[[ Data extract open ]]
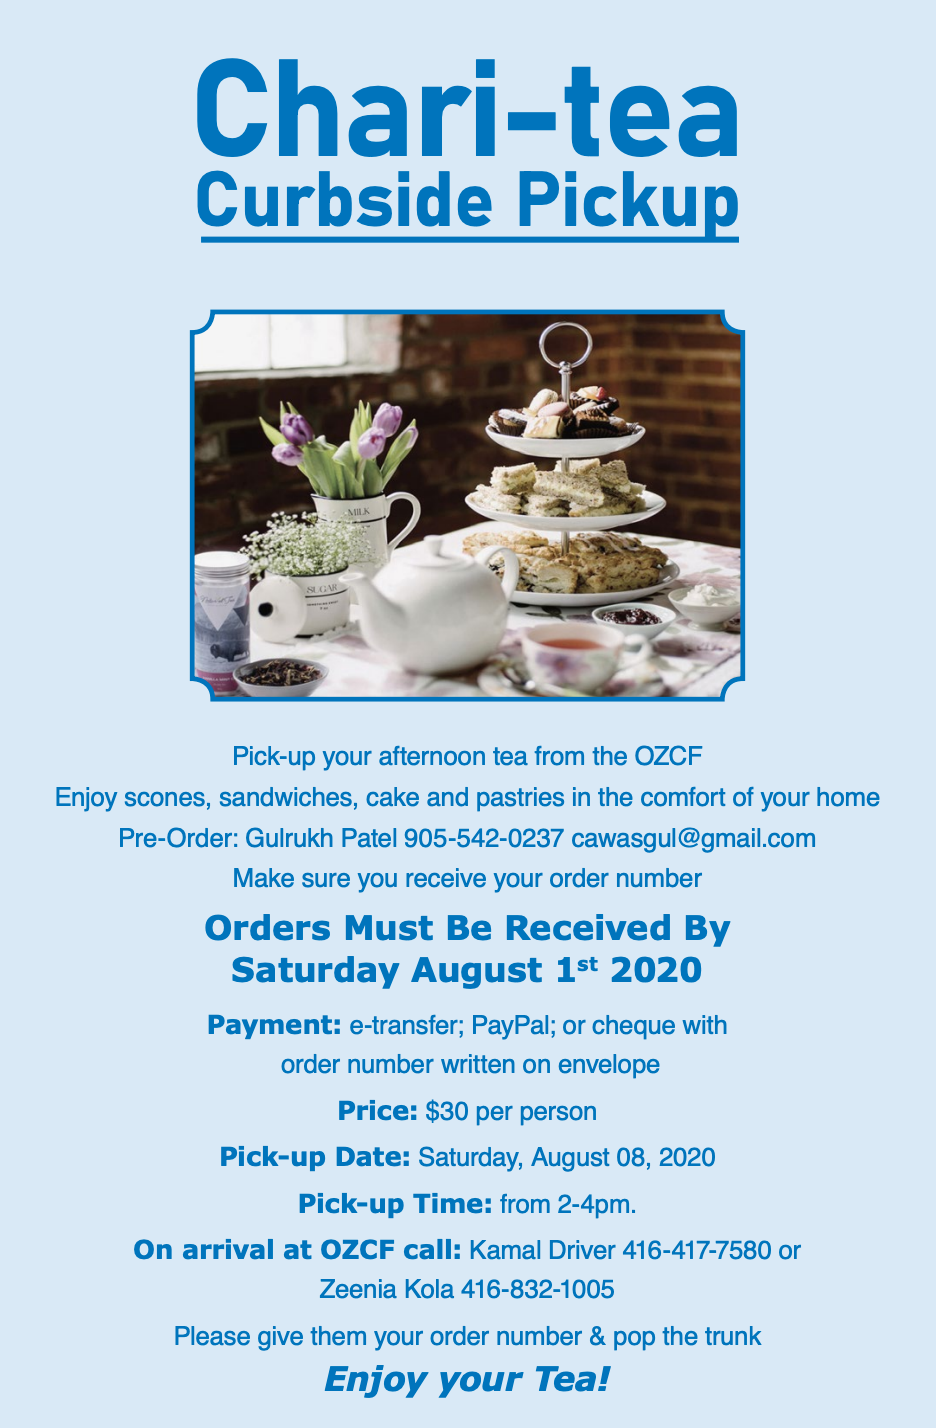 chari-tea fundraiser from the zoroastrian foundation
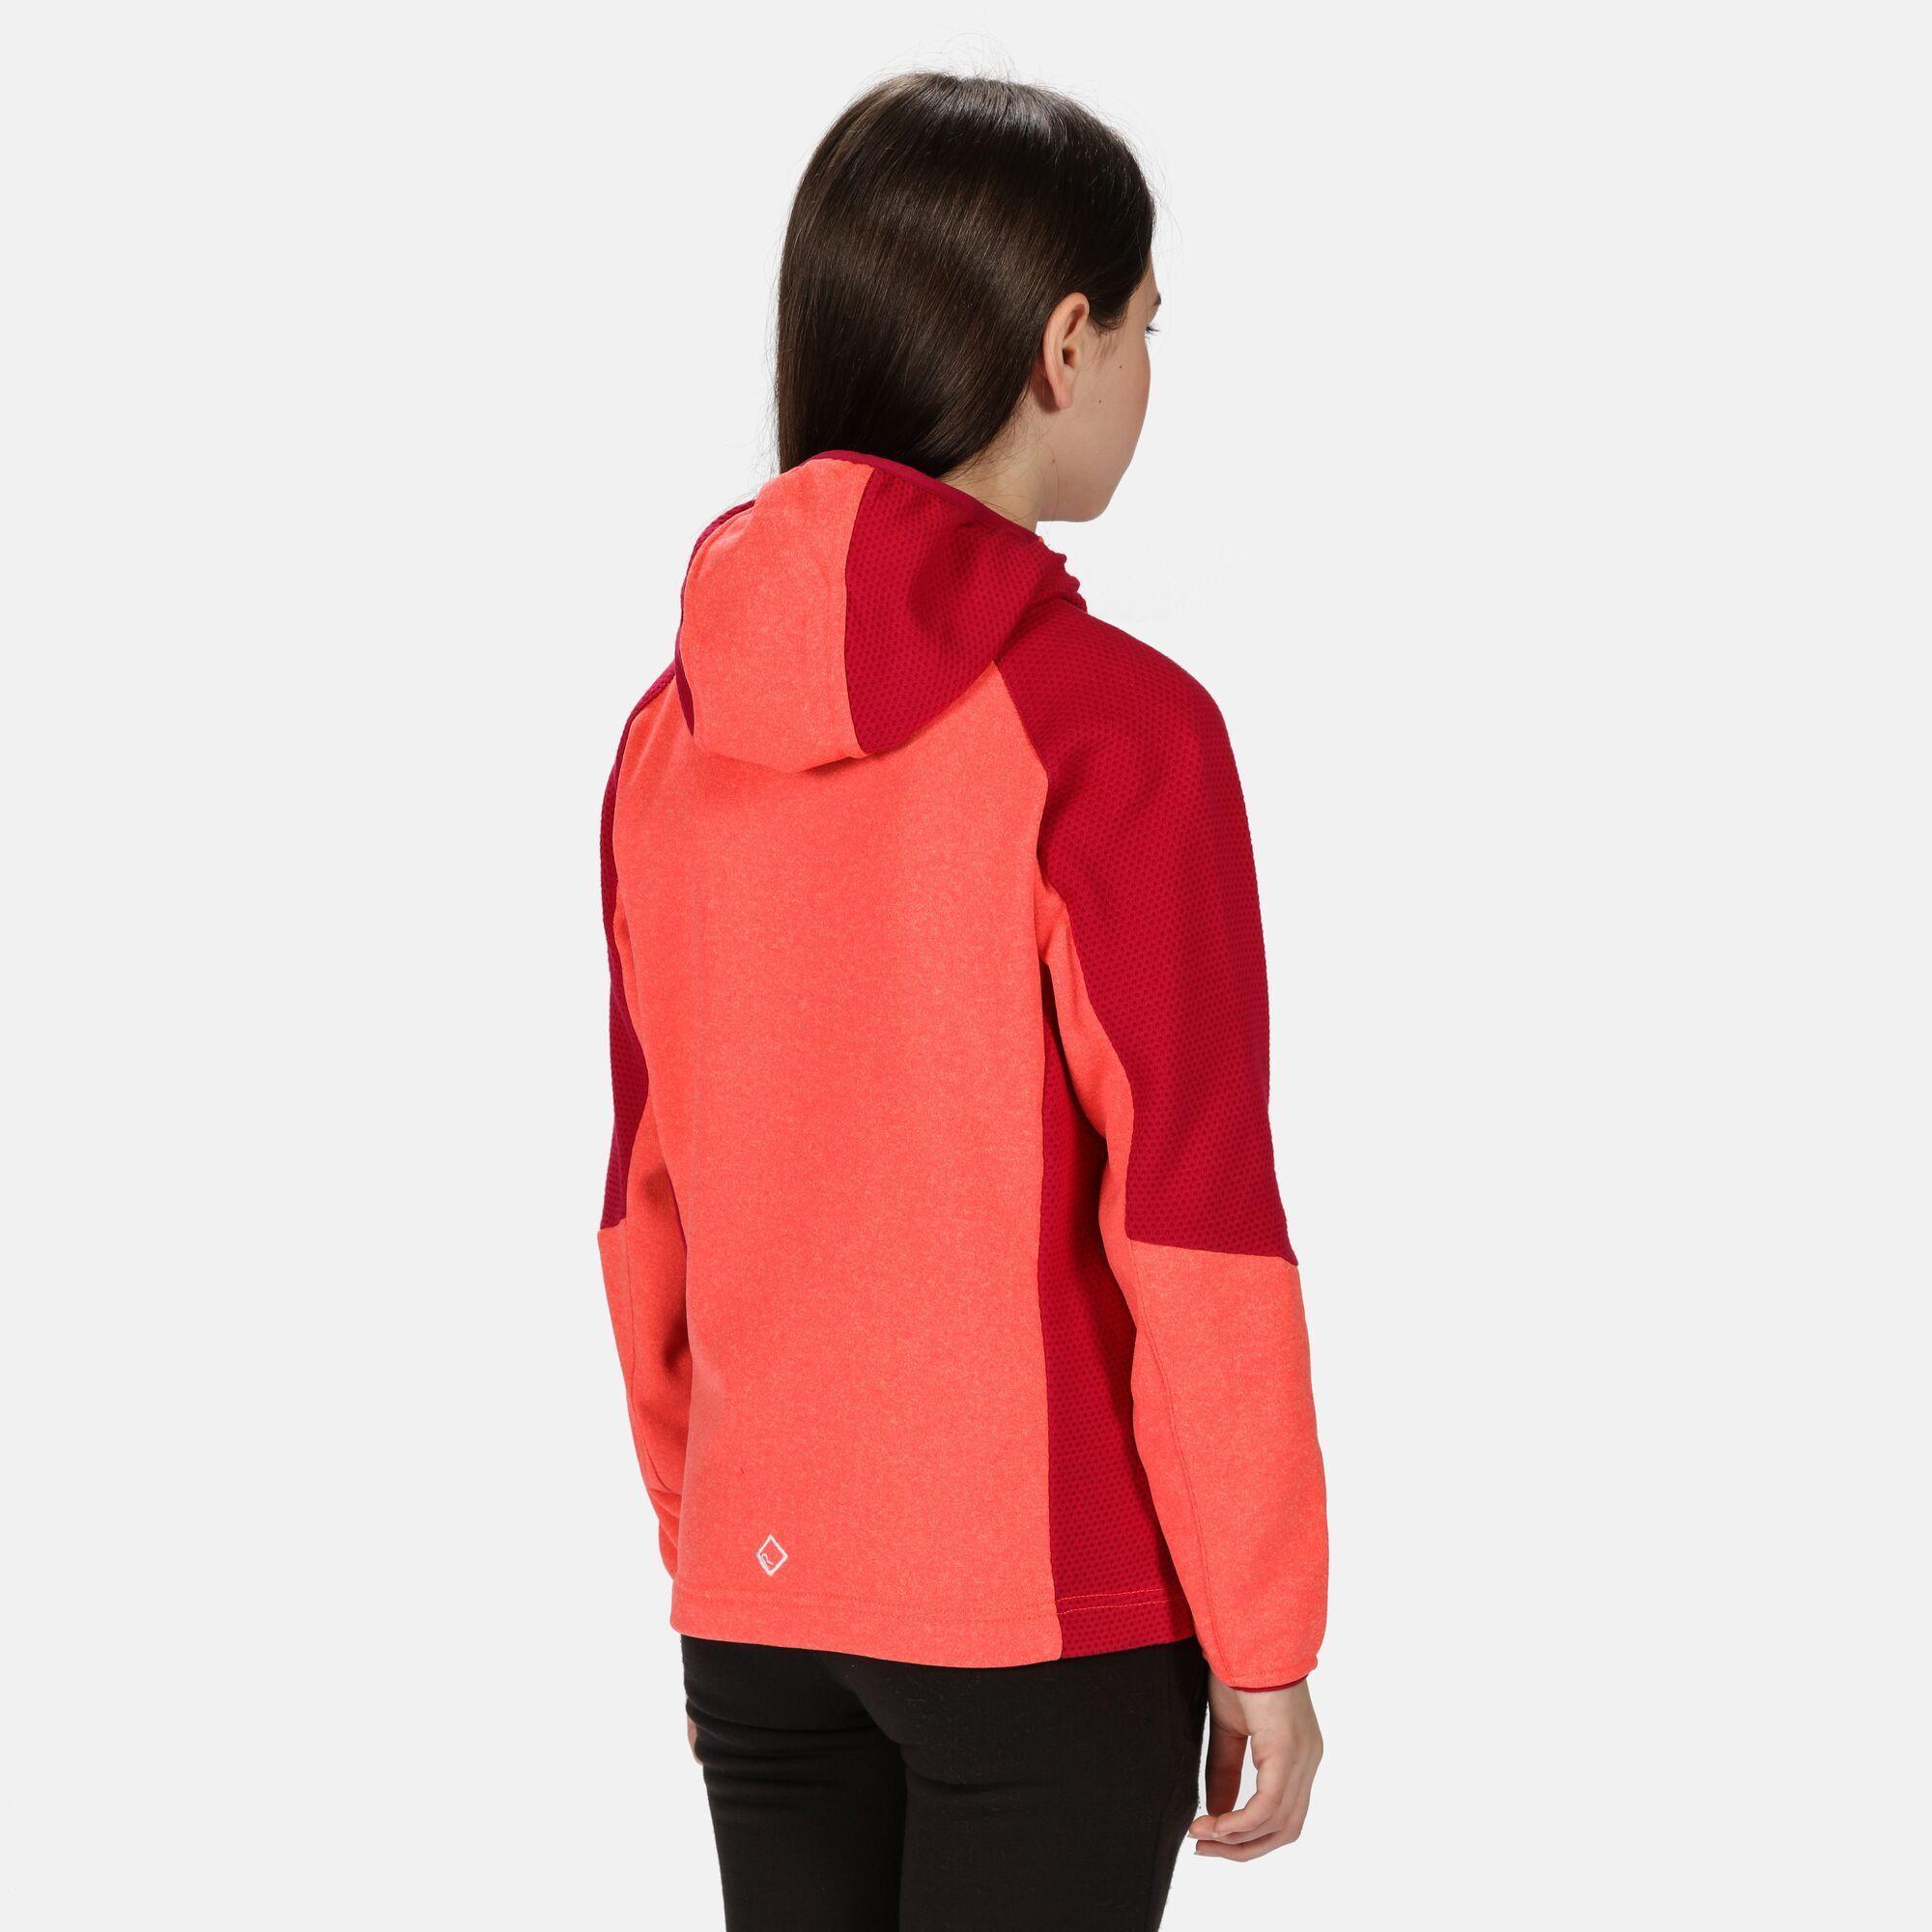 Regatta Childrens/Kids Lostock Fleece Jacket (Fiery Coral/Dark Cerise)
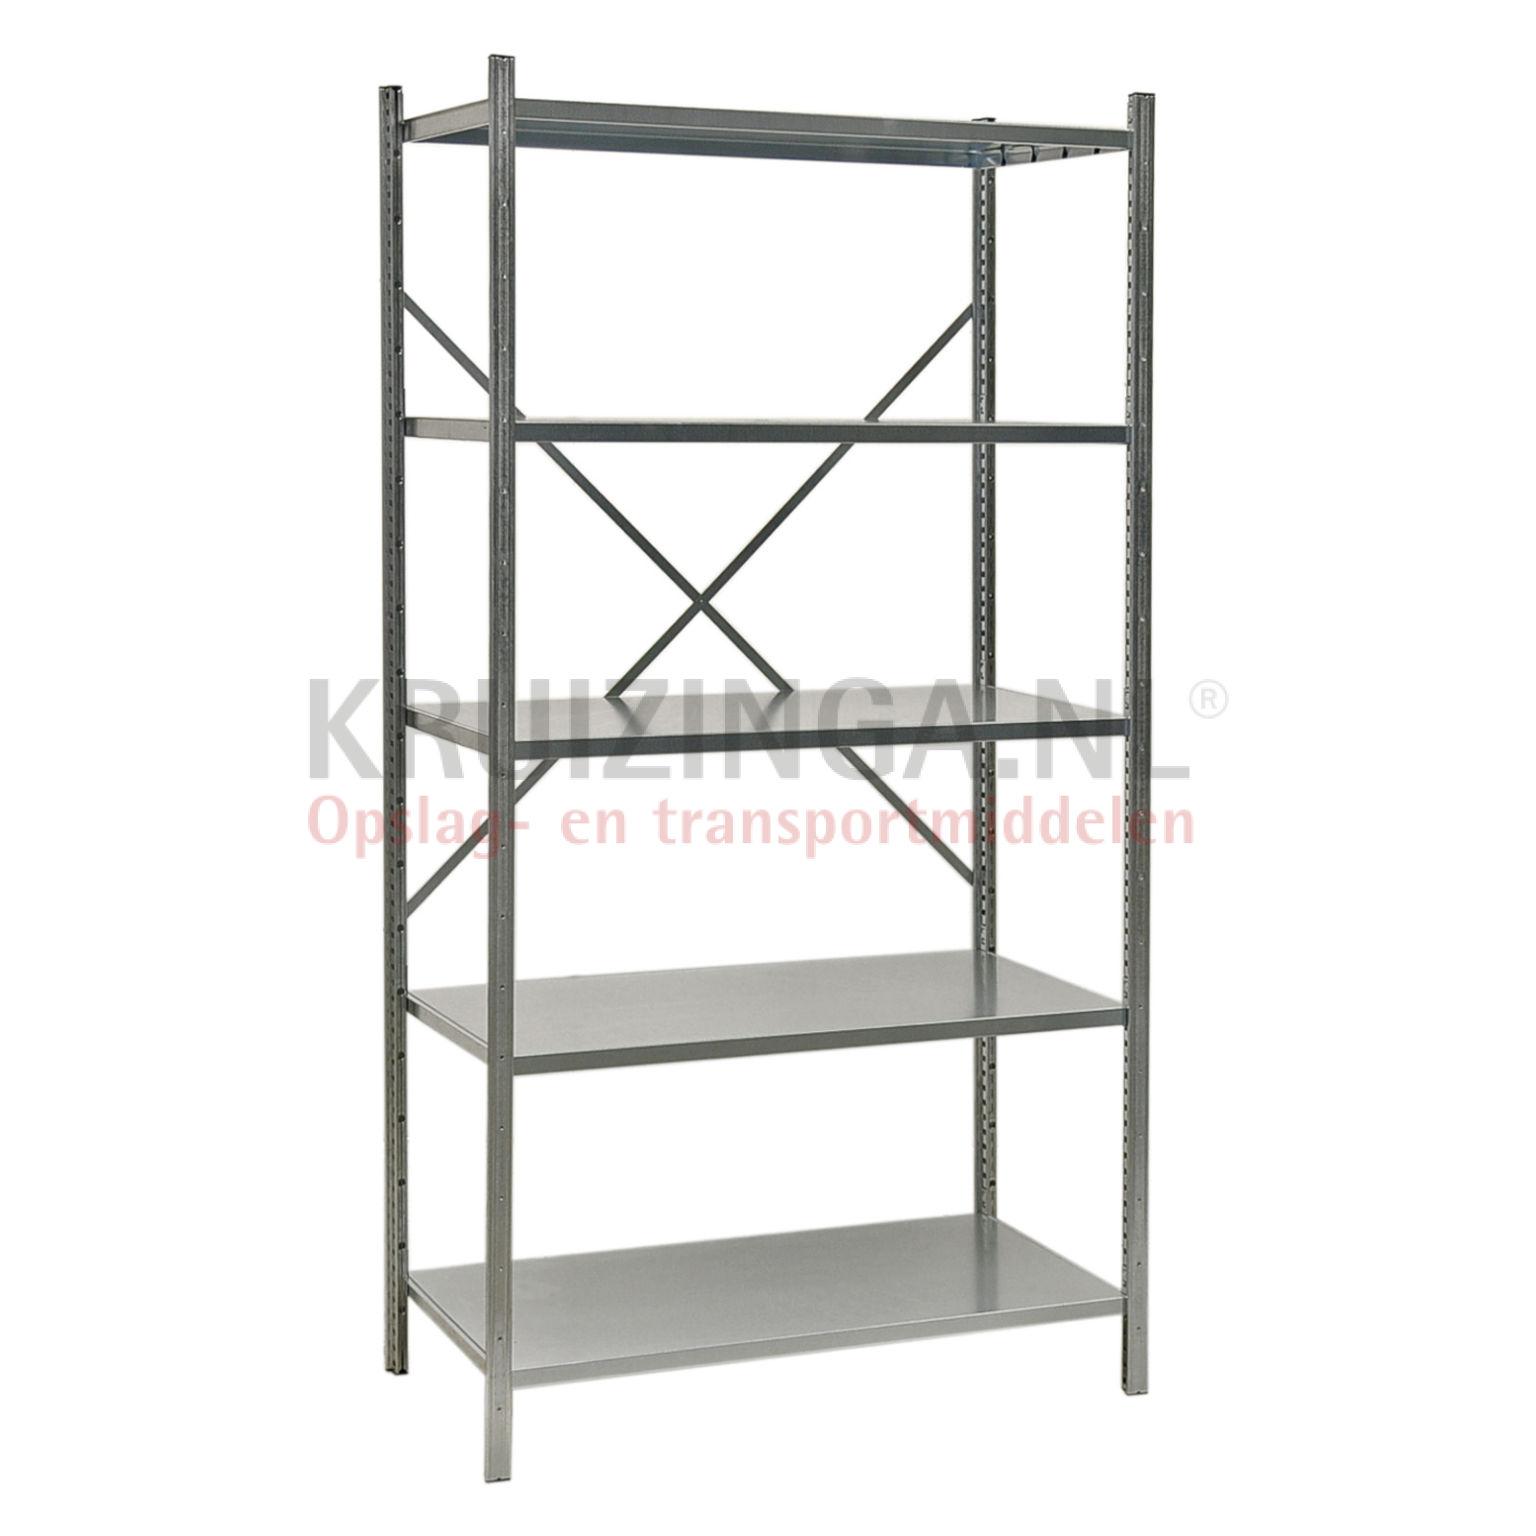 etagere rayonnage heavy duty en acier rayonnage garage du kg par tagre niveaux mm h x mm l x mm. Black Bedroom Furniture Sets. Home Design Ideas
[[ Data extract closed ]]
■ **Exercise directions**:
Would you write out the material above in full, exactly as given, except for its pictures?

■ **Task solution**:
 chari-tea fundraiser from the zoroastrian foundation
 Regatta Childrens/Kids Lostock Fleece Jacket (Fiery Coral/Dark Cerise)
 etagere rayonnage heavy duty en acier rayonnage garage du kg par tagre niveaux mm h x mm l x mm. Black Bedroom Furniture Sets. Home Design Ideas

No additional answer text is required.